Do you ever compare yourself to the Israelites, and think about how crazy they were? And how you are so much smarter, and would never question God the way they did? I mean, God was making bread rain down from heaven for a food supply in the desert, and leading them around in a cloud by day and a pillar of fire by night. Yet they still doubted Him so much that they started worshiping an inanimate object – a golden calf made of earrings and such – right in the midst of the glaringly obvious presence of God Himself. They simply did not trust Him, although His provision was quite evident, at least to those of us who read about it now.
in Numbers 14, the Bible tells us that the Israelites actually preferred to return to slavery in Egypt than to move forward into the new land God had promised them. A land flowing with milk and honey. What were they thinking?! They were afraid of the unknown, and I sure can relate to that. The majority of the Israelite spies that scouted out the Promised Land came back with reports of terrifying giants with strength that could not be overcome, not even with God on their side. There are so many things that I've viewed in the same light, in my own life. "I can't do this. It's too hard. I'm not strong enough. It's impossible."

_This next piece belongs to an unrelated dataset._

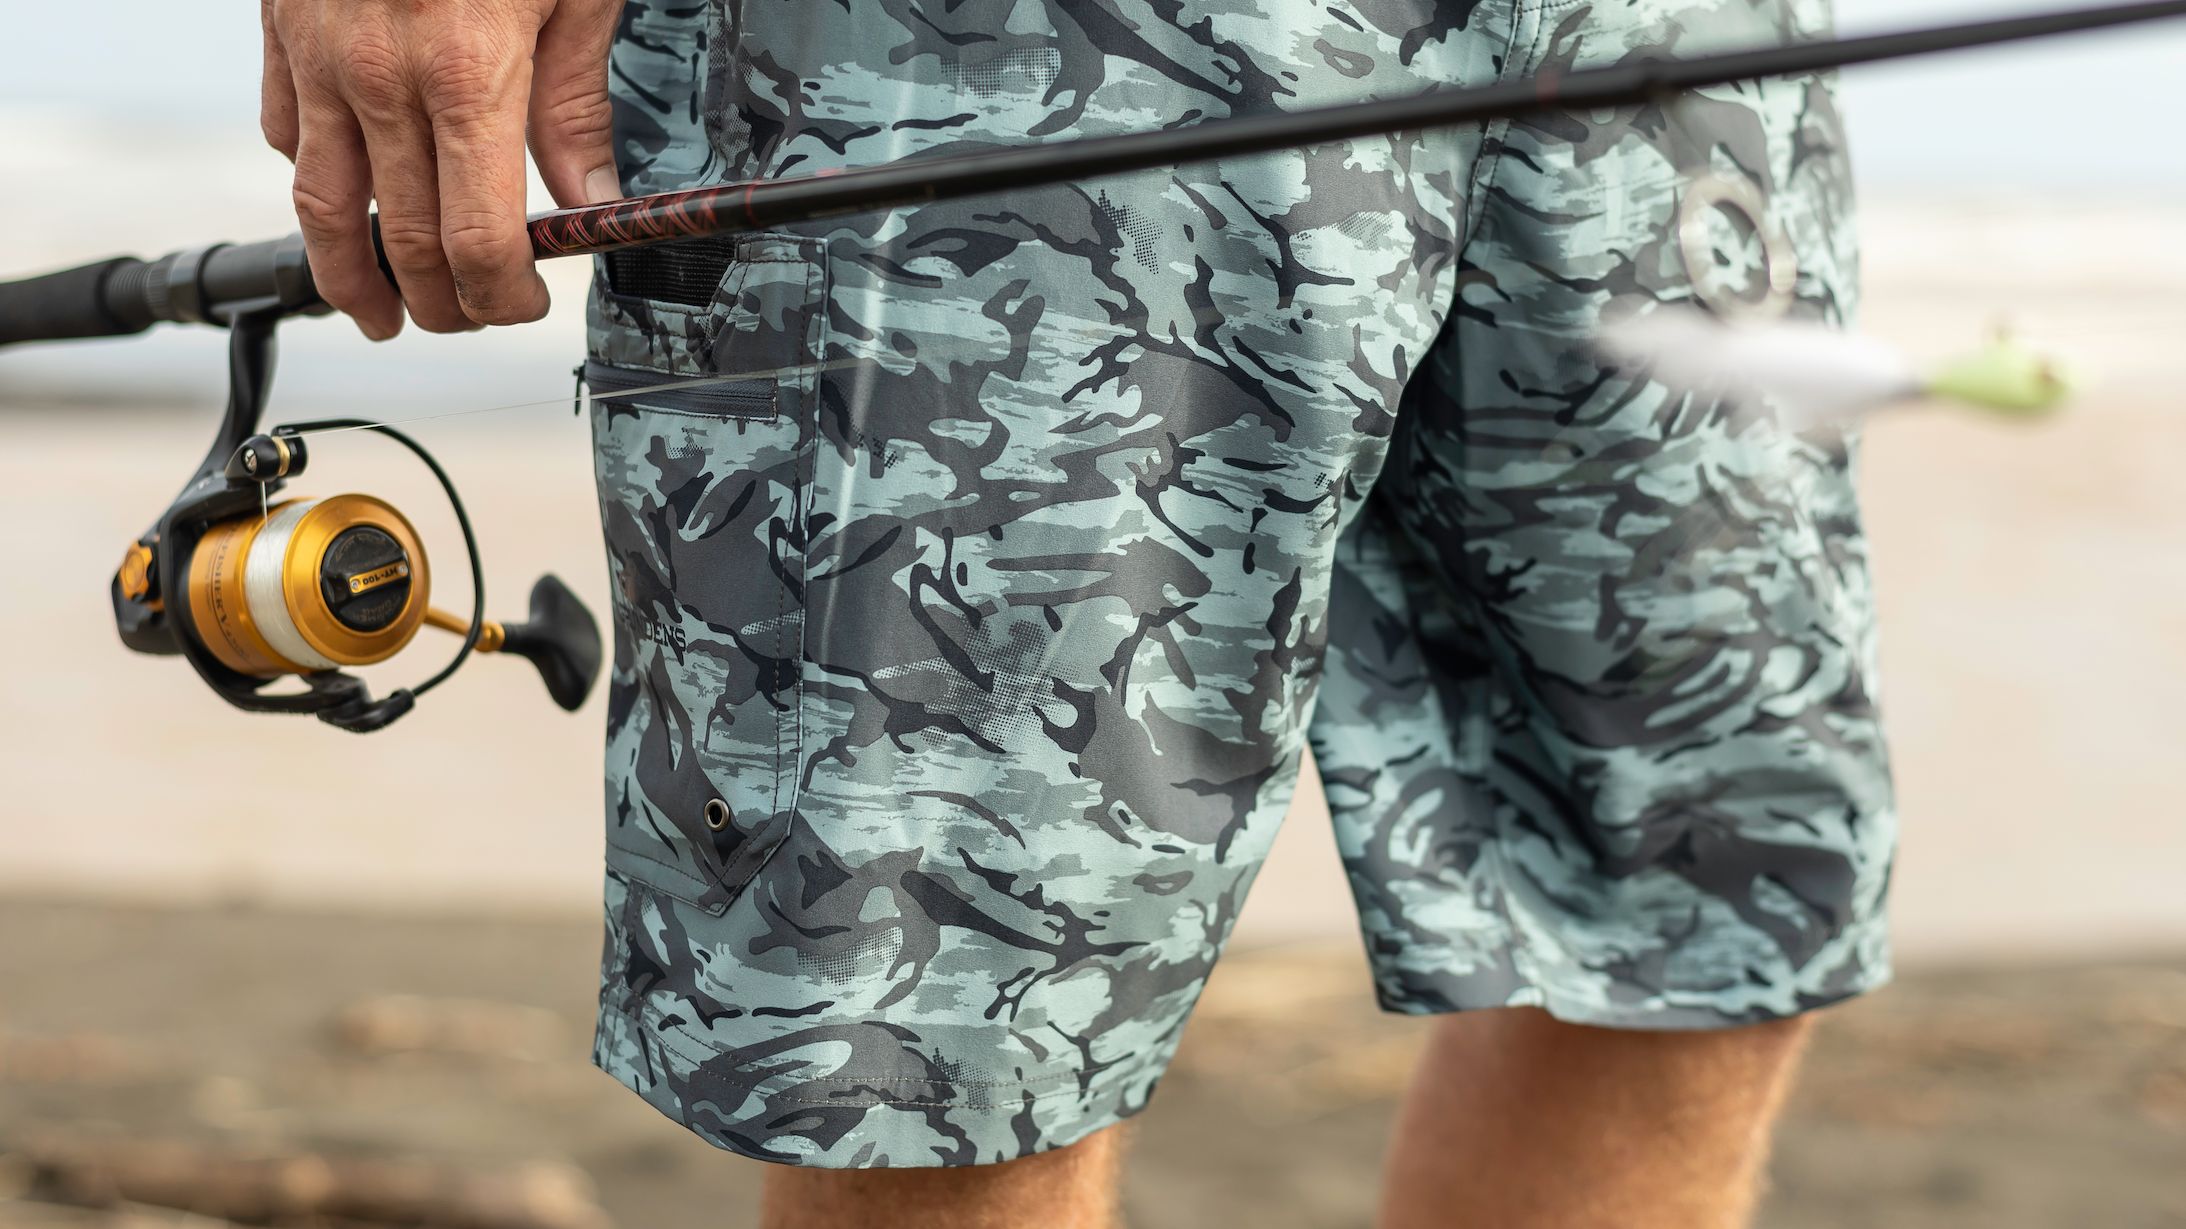 Grundéns on X: All new Fish Head Boardshorts! Built for versatility, these  boardshorts offer a UPF 30 rating, a built-in pliers holster, several  pockets, and plenty of stretch for mobility — perfect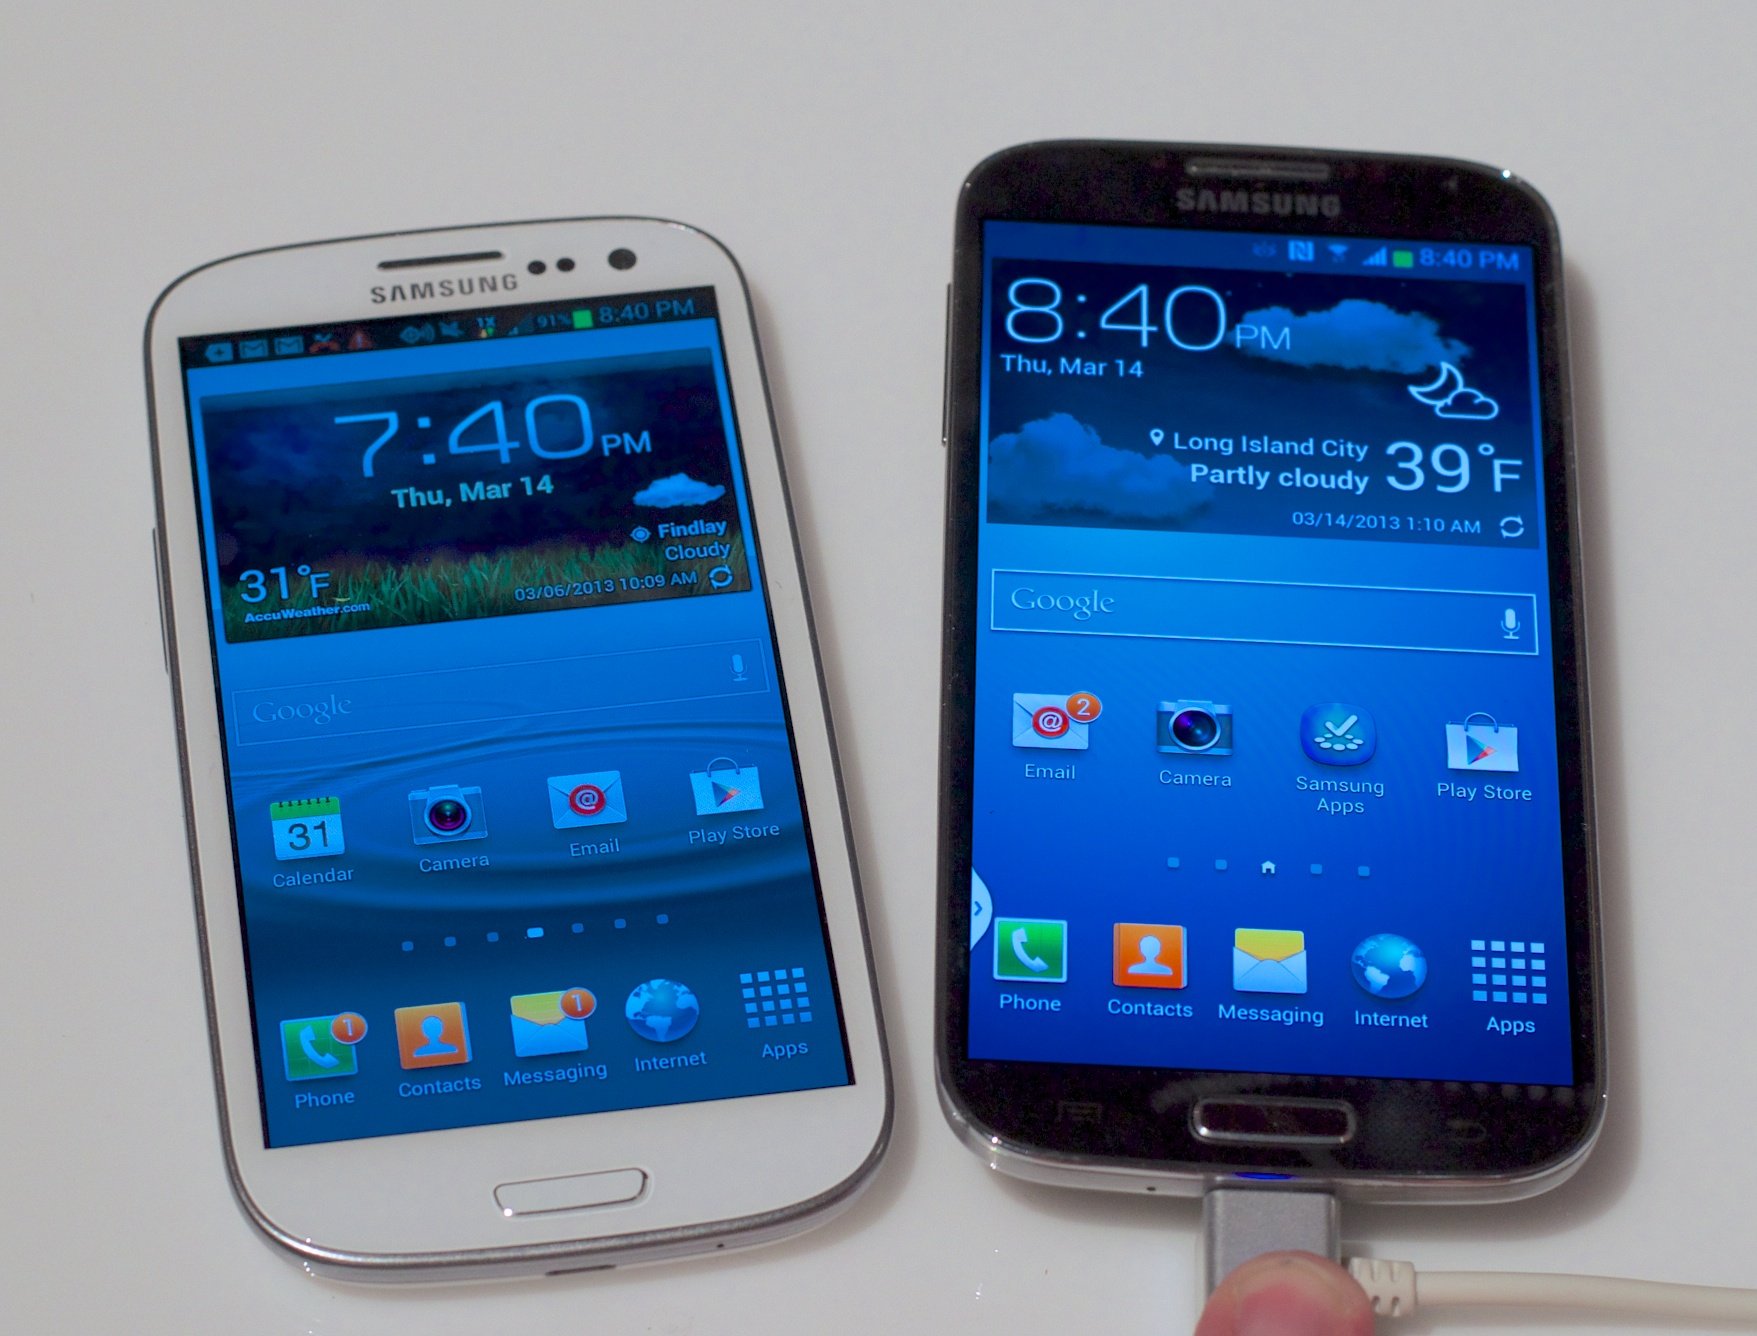 Galaxy S3 and Galaxy S4 trade-in deals offer a good deal for users that want to upgrade.

I wonder how many things God has wanted for my life that have not come to pass because I didn't trust. To this point, I have been just like the Israelites. But I don't want to die out in the wilderness with the Promised Land just over the horizon. I want to be like Caleb the spy, who brought back a good report of the Promised Land and believed that God would be faithful in fulfilling His promise and helping them to succeed, even in the face of adversity. In Numbers 14:24, God described Caleb like this: "But my servant Caleb, because he has a different spirit and has followed me fully, I will bring into the land into which he went, and his descendants shall possess it." I want to reach the blessing God has promised me if I just trust wholeheartedly and obey. My trials and tribulations (wandering around in the desert, if you will) right now are teaching me to have faith so that I can step into His promises.
I'm going to follow God fully. Even if things are uncertain. Even if it's scary. Even when I don't think I can do it.
Because the Bible says in 2 Corinthians 12:9: "But He said to me, 'My grace is sufficient for you, for My power is made perfect in weakness.” Therefore I will boast all the more gladly of my weaknesses, so that the power of Christ may rest upon me.'"
I'm leaving Egypt and my former slavery behind, and claiming the freedom that is already mine in Christ. I'm not strong enough. But God sure is.